The DCE was administered online by Knowledge Networks (KN) in March and April 2011. Respondents were recruited by e-mail invitations to members of 2 groups: the KN online panel, a panel of US households accessible for online surveys, and the RA Information, Service, and Education (RISE) group (www.risesupport.com), an opt-in patient group. Respondents were required to be age ≥18 years, capable of reading and understanding English, living in the US, having a self-reported physician diagnosis of RA, and having moderate to severe RA symptoms. The Routine Assessment of Patient Index Data, version 3 (RAPID-3), a patient self-assessment of pain, function, and overall well-being, was used to screen for respondents with moderate to severe RA. The RAPID-3 is measured on a 30-point scale, with scores of 6–11 indicating moderate RA, and scores of 12 or higher indicating severe RA.
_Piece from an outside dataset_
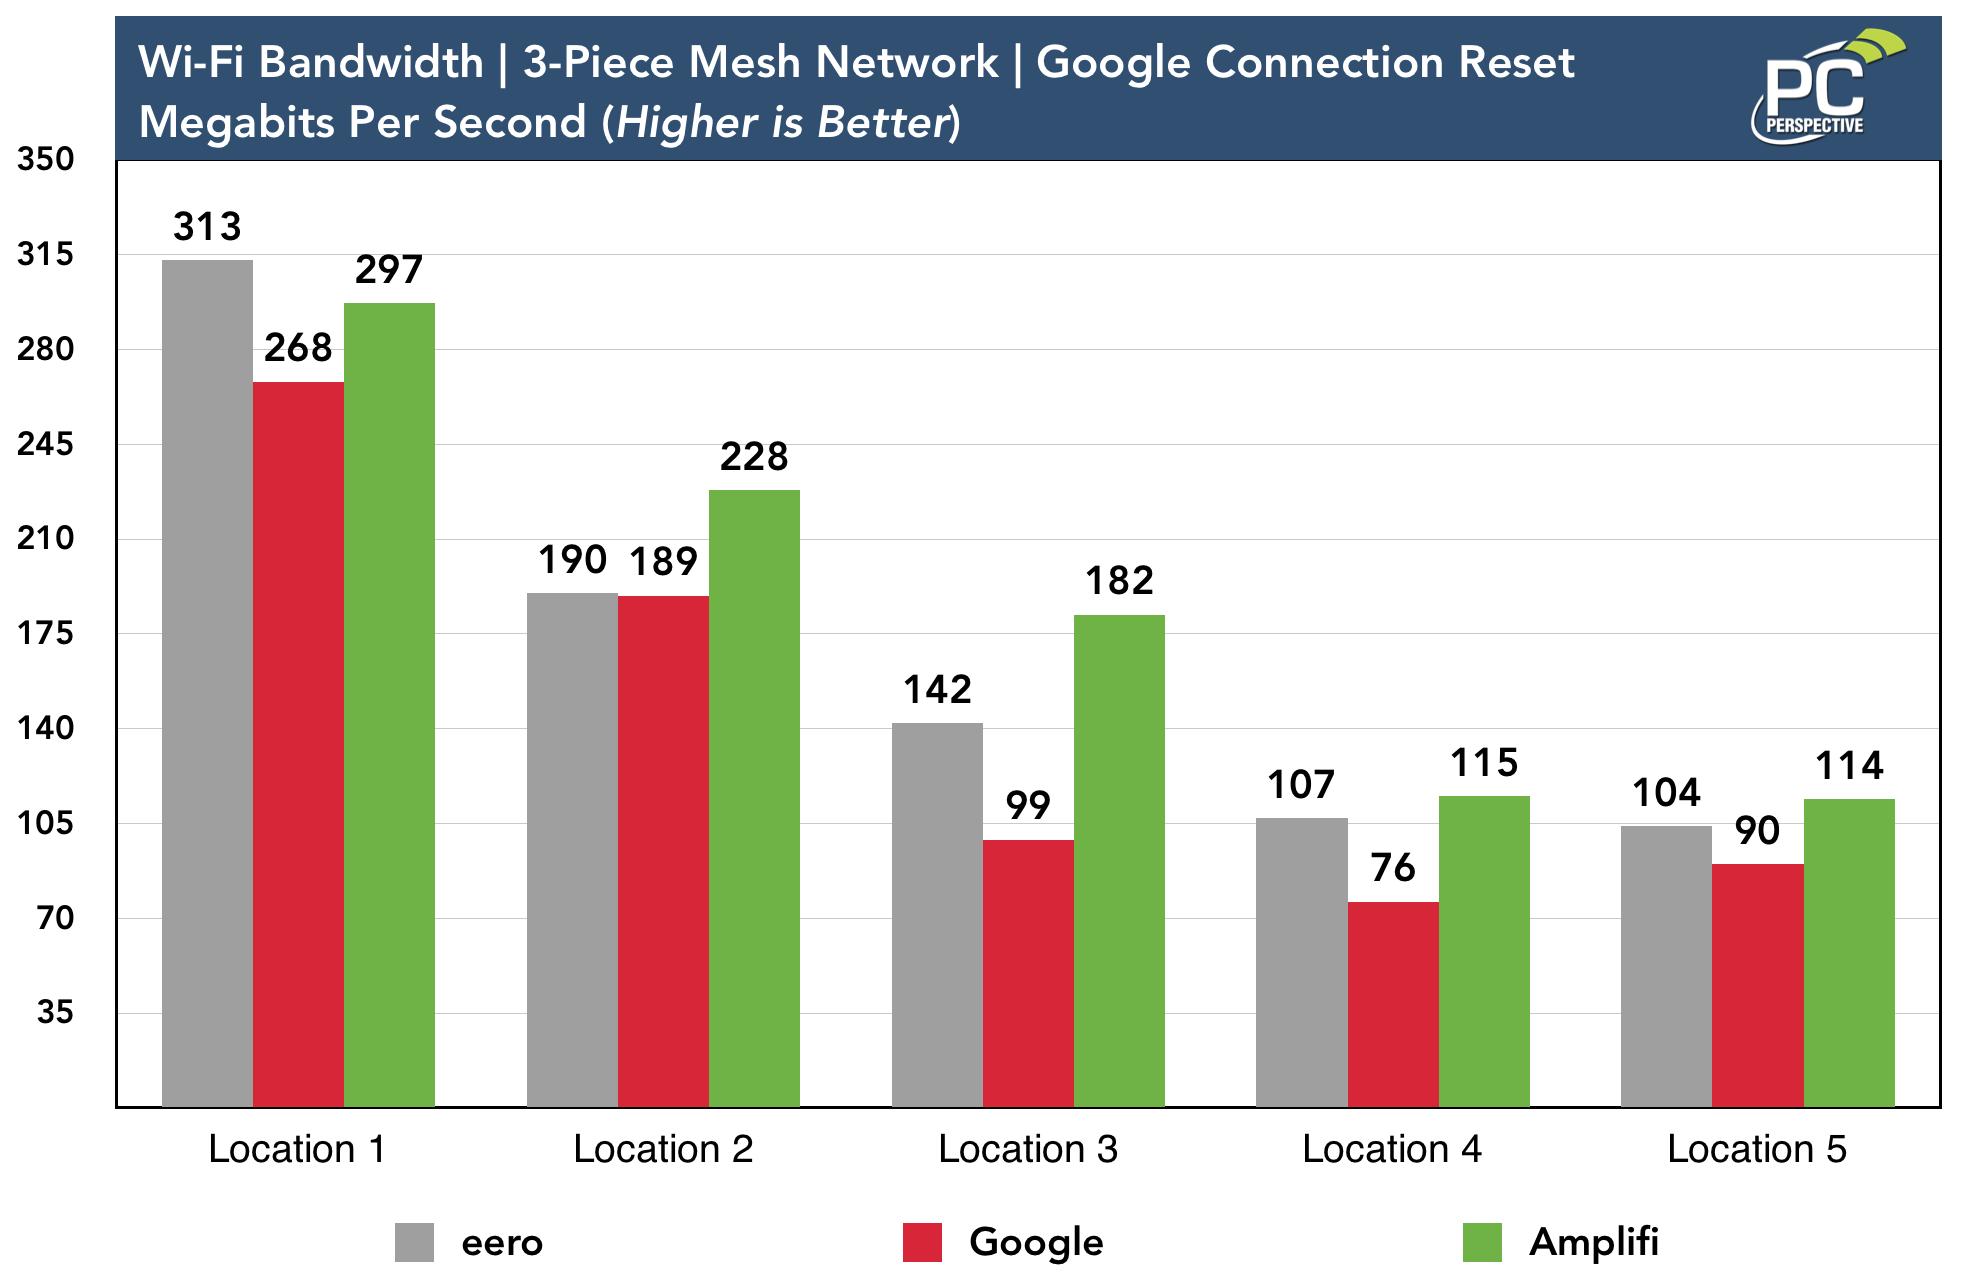 mesh-iperf-google-reset.png

The screening process differed between the 2 groups. Recruits from the KN online panel were screened by administering the RAPID-3 to respondents meeting the remaining inclusion criteria and excluding respondents who had a RAPID-3 score <6. Members of the RISE group completed the RAPID-3 upon joining the RISE group. E-mail invitations were sent to a random sample of RISE members who had a RAPID-3 score ≥6 at the time they joined the RISE group. Recruits from RISE were then screened for the remaining inclusion criteria. All subjects provided online informed consent.

Statistical analysis

The pattern of respondents' treatment choices was analyzed using a random-parameters logit (RPL; or mixed logit) regression model. RPL accounts for the panel nature of the data and respondent heterogeneity in preferences, and does not require the independence of irrelevant alternatives assumption ([16]). In an RPL model, the dependent variable is treatment choice and the explanatory variables are the attributes shown in Table 1. The resulting parameter estimate on each attribute level quantifies the marginal utility of a change in that attribute, which we refer to as the preference weight, or relative preference, for that attribute level ([16-18]). Because all attributes, except for mode of administration (i.e., injections or infusions), have numeric levels, these attributes were specified as continuous variables. To empirically determine the appropriate functional form of each one of the continuous variables, we used a Box-Cox estimator, which approximates the functional form that provides the best model fit for each of the continuous variables ([19]). These functional forms were then used in the RPL model. The parameter estimate for each of the attributes represented using a continuous variable represents the relative preference for a 1-unit change in the numeric value of the transformed attribute level.

Mode of administration was set equal to 1 if a treatment profile included injections and 0 if a treatment profile included infusions. Therefore, the parameter estimate for mode of administration indicates the relative preference for injections relative to infusions.

Each attribute in the model had a random parameter assumed to be normally distributed. All analyses were conducted using NLOGIT 4.0 (Econometric Software).

The estimated preference weights, or marginal utilities, were used to calculate the relative importance, or the rates at which respondents would be willing to trade off between changes in pairs of attributes. The relative importance is calculated as the ratio of 2 marginal utilities and is also known as the marginal rate of substitution (MRS). Further, the marginal utilities of treatment frequency and duration were also used to identify different combinations of frequency and duration among which patients are indifferent; that is, combinations of frequency and duration that are equally preferred. For example, a patient may be indifferent between a treatment with short duration and high frequency and a treatment with long duration and low frequency, all else equal. When the combinations of duration and frequency that are preferred equally by patients (i.e., combinations among which patients are indifferent) are plotted on a graph, the resulting plot is known as an “indifference curve.”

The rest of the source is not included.